The Vikings seem destined to select a defensive tackle with their first pick of the draft on April 26, but who are the likely candidates? We take a glance at the top seven.

There was a recurring line in the movie "Butch Cassidy and the Sundance Kid" that could accurately describe the Vikings' pursuit of a defensive tackle in the first round of this year's draft – "Who are those guys?"

With less than four weeks remaining until the draft, there are as many as seven defensive tackles that could go in the first round and, whether the Vikings remain at pick No. 7 or move down to acquire additional picks in the first round, defensive tackle remains the big question on everyone's mind. Who are those guys?

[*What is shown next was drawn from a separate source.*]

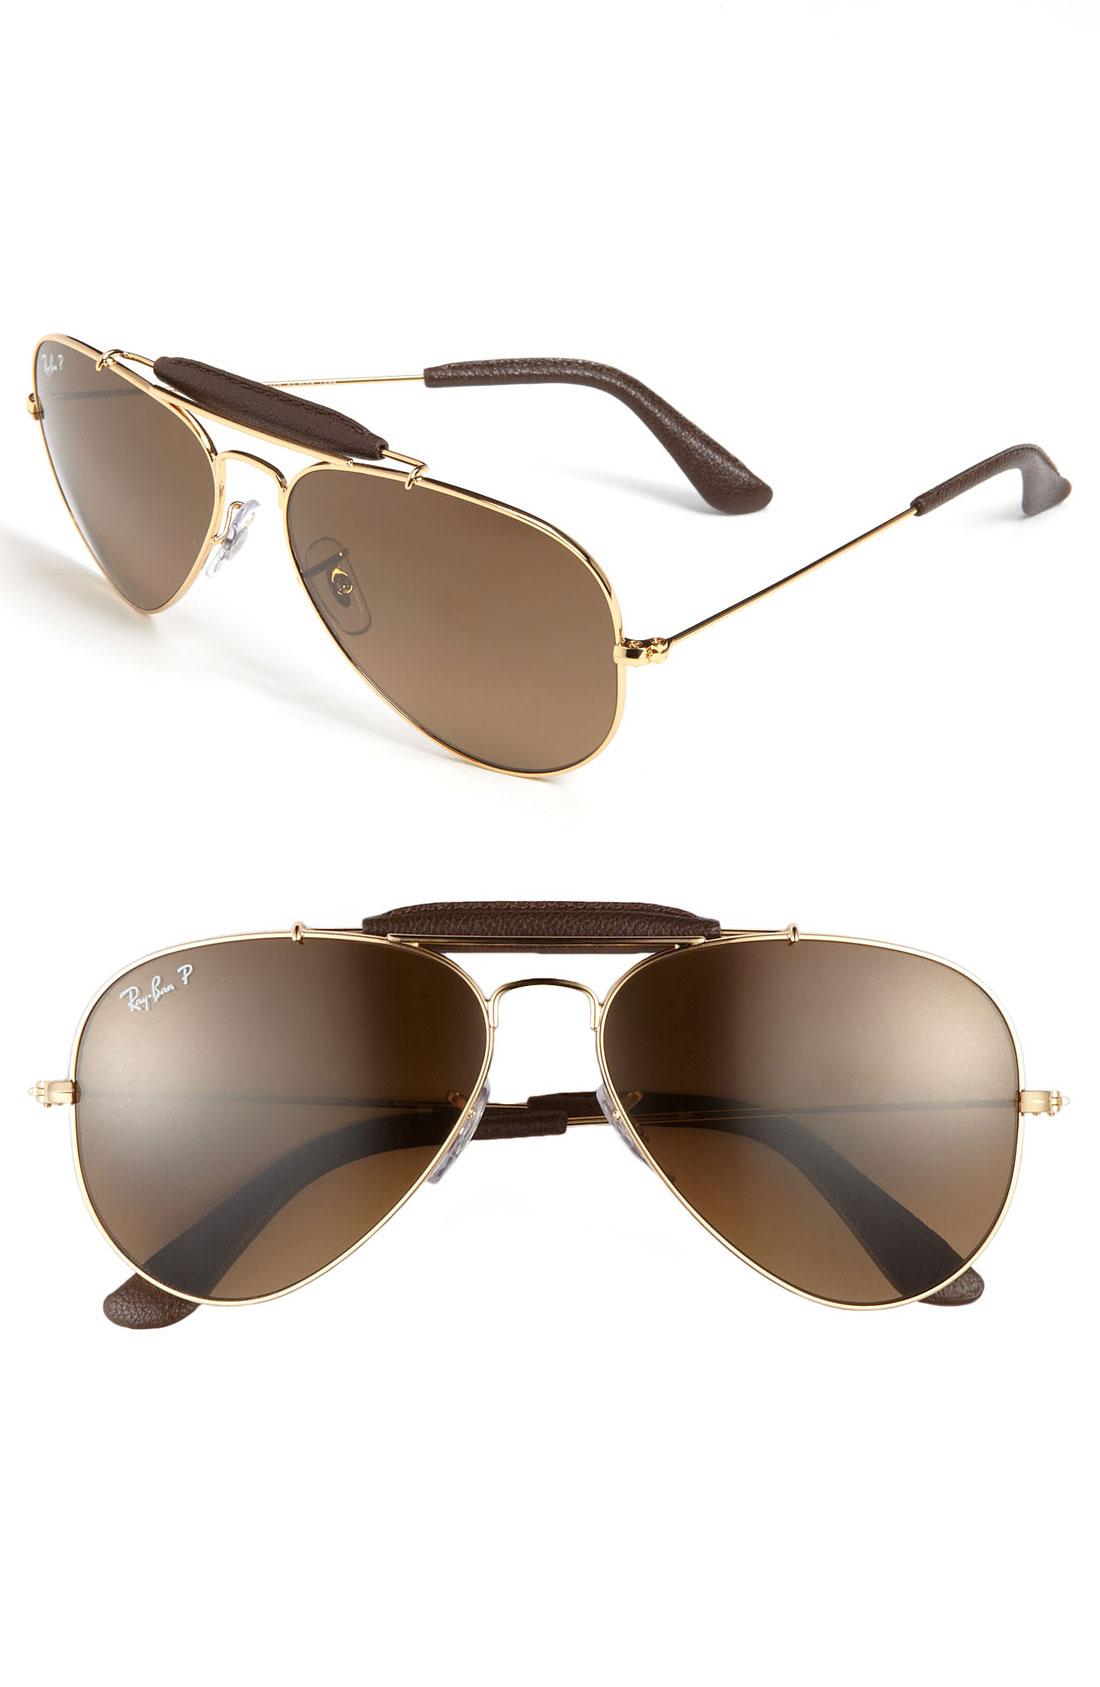 aviator sunglasses uybl  aviator shades sunglasses

To many fans who follow the pro game and not the college game, these players are simply names on a piece of paper. As the draft nears, VU will break down all the Vikings' draft needs by position and give fans a detailed look at who's who on April 26-27. Until then, here's a short list of why the Magnificent Seven defensive tackles could make the 2003 draft the Year of the DT.

* Jimmy Kennedy, Penn State – a 6-4, 325-pound brickhouse that came to Penn State weighing 400 pounds. Viewed as the top DT in the draft but some insiders think he has the most potential of any of this year's crop to be a bust. Has good speed for his size, but consistency is a question. PROJECTION: Anywhere from Pick No. 3 to No. 7 (Vikings).

* Dewayne Robertson, Kentucky – At 6-1, 317, he's an ideal size-strength fit for the Vikings. A fourth-year junior, if he had gone back to Kentucky, he could be a top three pick next year. Great lower body strength, but struggles against players bigger than himself. PROJECTION: No. 7 to the Vikings.

* Kevin Williams, Oklahoma State – At 6-5, 304, he has the size and bulk that has seen his stock jump in the last month from a second rounder to the middle of the first round. Made his name at the Senior Bowl. Can play DT or DE. Good speed, but doesn't have the overpowering lower body strength teams are looking for if they want the next Warren Sapp. PROJECTION: Could go at No. 10 to Ravens or Seattle.

* William Joseph, Miami – At 6-5, 308, he started every game of his four-year college career. Is a solid run stuffer and pass rusher whose durability is his selling point. Has been compared to Sapp since they played at Miami, but pales by comparison. Is a little lazy in the eyes of some scouts, but has great upside potential if harnessed. PROJECTION: Likely won't make it past the Jets or Patriots at Nos. 13-14.

* Johnathan Sullivan, Georgia – A 6-3, 313 – The DT wildcard, he could jump ahead of Williams and Joseph or stay here. A third-year junior who was a three-year starter for the Bulldogs. Very good strength, but complaint on him is that he is slow off the snap. PROJECTION: If Jets and Pats keep their picks at 13-14, he will likely be one of the two DTs taken with those picks.

* Rien Long, Washington State – He's 6-6, 302 and has become the darling of the St. Paul print media, who seem to be acting as his agent – promoting him as the Vikings' pick at No. 7. The problem with that is simple. While he has the height and quickness to be a star, the Vikings want a fireplug with lower body strength and bulk to play next to Chris Hovan. He has neither. PROJECTION: Likely to go late in the first round with teams like the Colts and Giants looking at him seriously.

* Ty Warren, Texas A&M – At 6-5, 307, he would be a top DT in other years. He can play DE in a 3-4 or DT or nose tackle in a 4-3. Has strength to burn, but isn't overly fast or aggressive. PROJECTION: Likely to go late in the first round or very early in the second round and could be a steal for teams that have been forced to watch other DTs go off the board while waiting their turn.